“I love financial statements.”

And, so began Dennis Morrone’s AICPA Not-for-Profit Conference session earlier this week.

After a deft comedic pause for laughter and applause (who knew CPAs were so funny), Grant Thornton’s Morrone went on to say, “But, it’s clear to me after many conversations with nonprofit stakeholders that they fall short of the users’ expectations.”

So, in his session with peer John Mattie from PwC titled, “How to Tell My Organization’s Story Through the Financial Statements,” the two discussed the importance of expanding disclosure to be more informative and better aligned with your organization’s strategic goals.

Here are some highlights:

Why is transparency important?

  • Proactive transparency and communication are essential to organizational success. Stakeholder understanding and support only come from transparency and open communications.
  • A practice of continuous, transparent communication enables an organization to better respond to crises – such as physical disaster, fraud, or the sudden loss of a leader – and execute more robust crises communication strategies.
  • Establishing a culture of transparency is critical for effective governance, constituent engagement, and change management.
  • Opening communications channels can help to establish meaningful and productive relationships with constituents. These relationships can have a significant impact on long-term financial and non-financial performance.
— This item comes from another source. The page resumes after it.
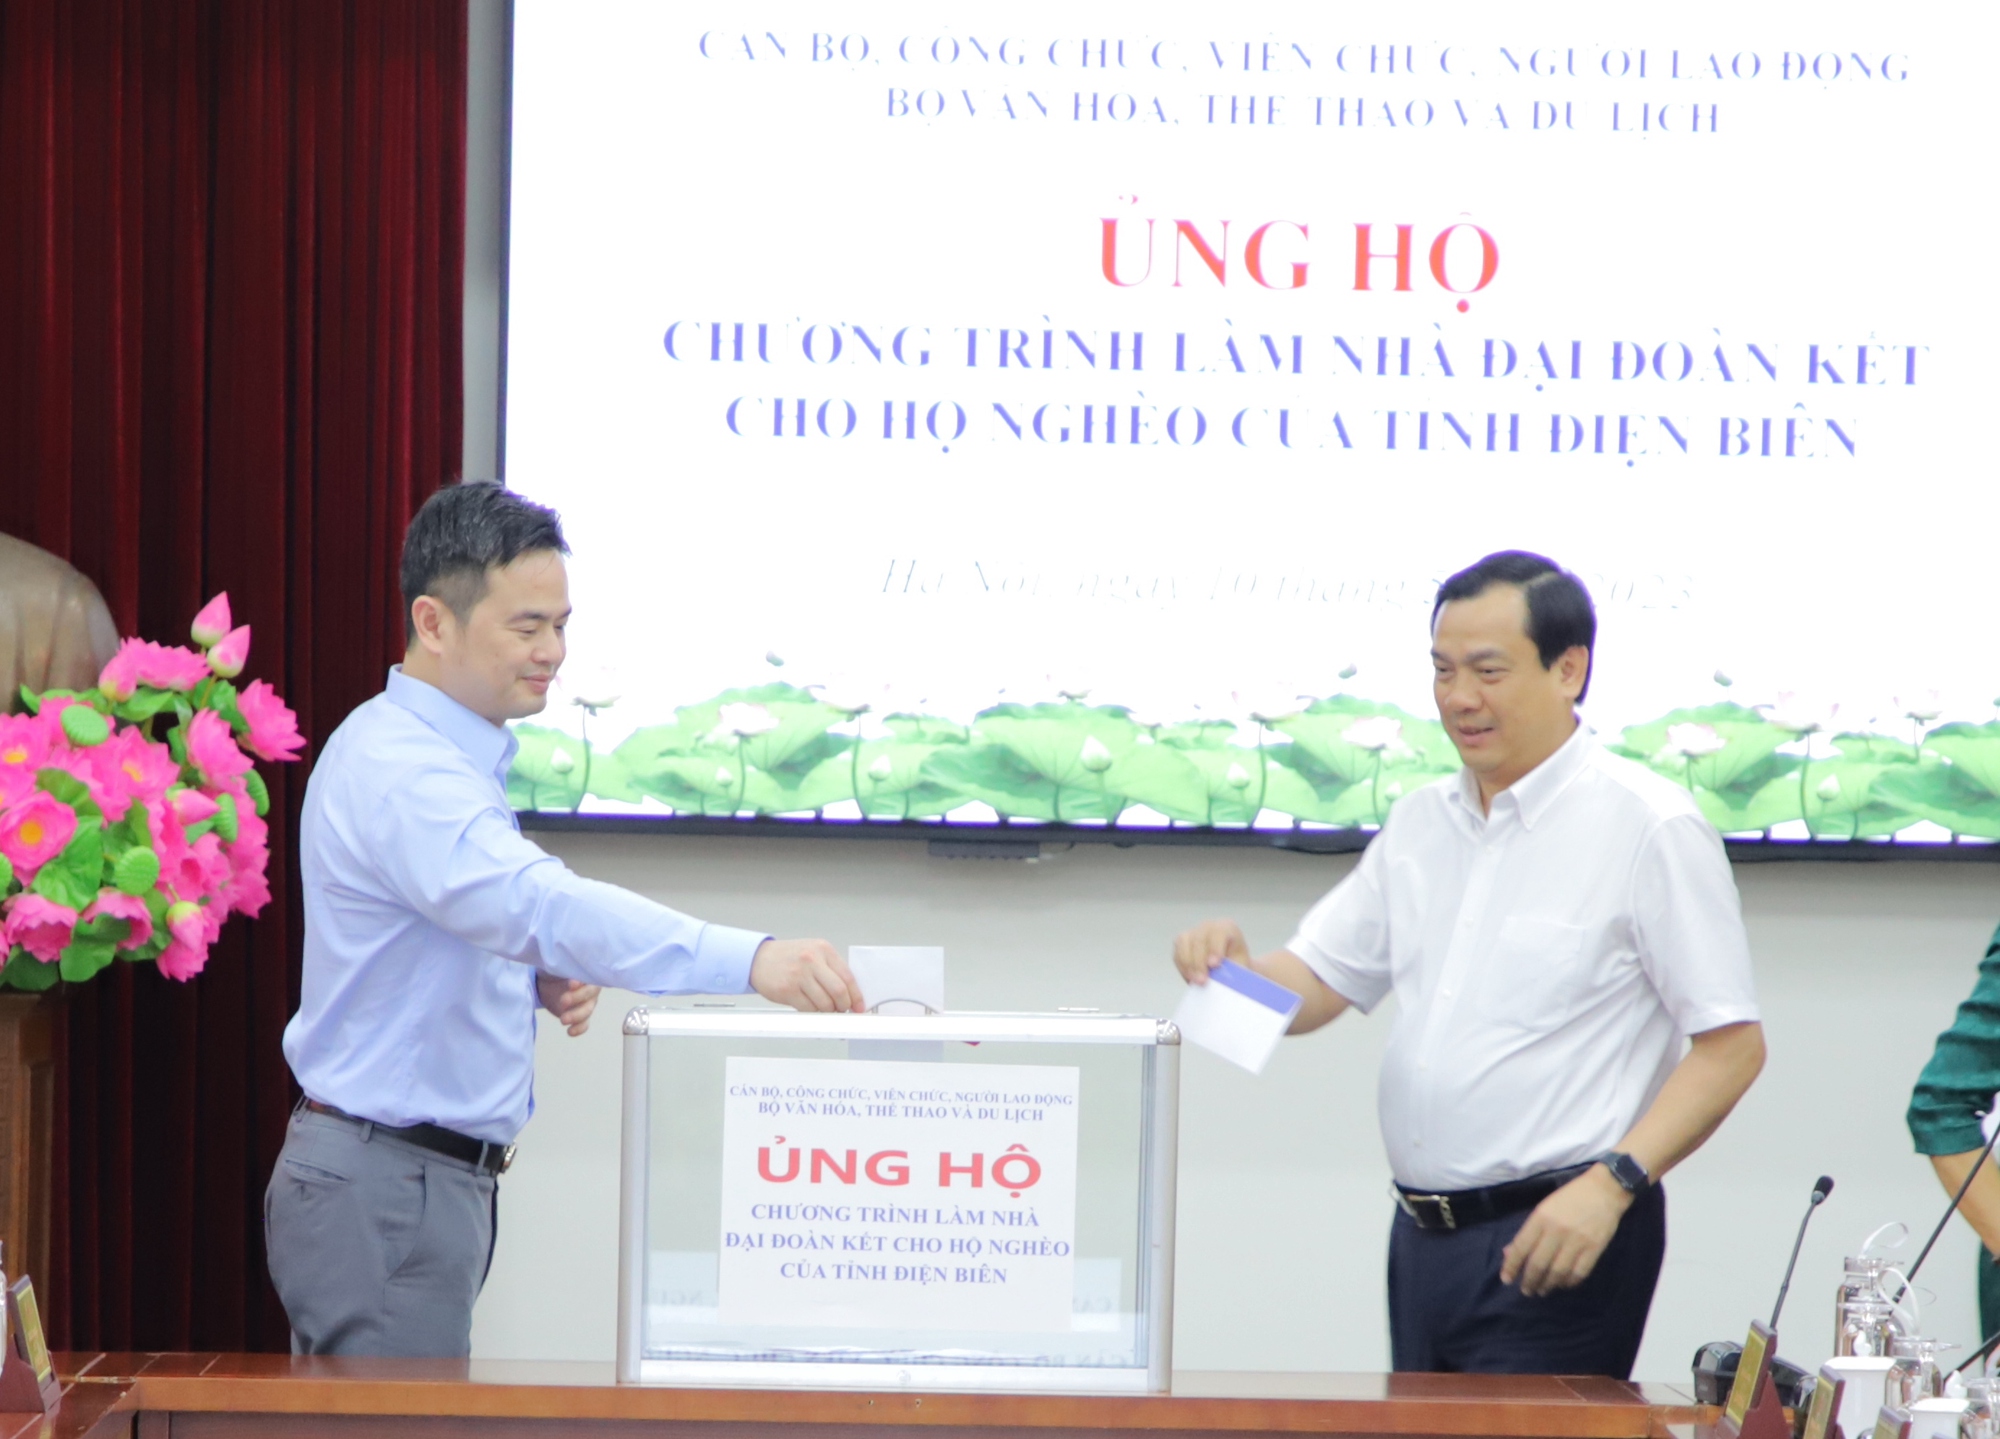 Bộ VHTTDL ủng hộ Chương trình xây nhà đại đoàn kết cho hộ nghèo của tỉnh Điện Biên - Ảnh 5.

First, know your stakeholders

Know both internal stakeholders (board, committees, senior management, management team, staff, volunteer workers) and external (customers, donors, funders, grantors, creditors, partners, government, general public). And, understand their needs and expectations. Needs for information, communication methods, and information consumption patterns vary substantially from segment to segment. Meeting and exceeding the information needs for each of these groups is critical to delivering satisfaction. 

If that’s too overwhelming, start by identifying your top two to three stakeholders. What do they need/want? Go from there.

How do we convey the broader, strategic message with financial statements?

Make the data you have today more understandable and relatable; enhance the story and improve disclosure. When we think about financial statements we think revenue inputs and expense outputs. We need to be thinking more about outcomes.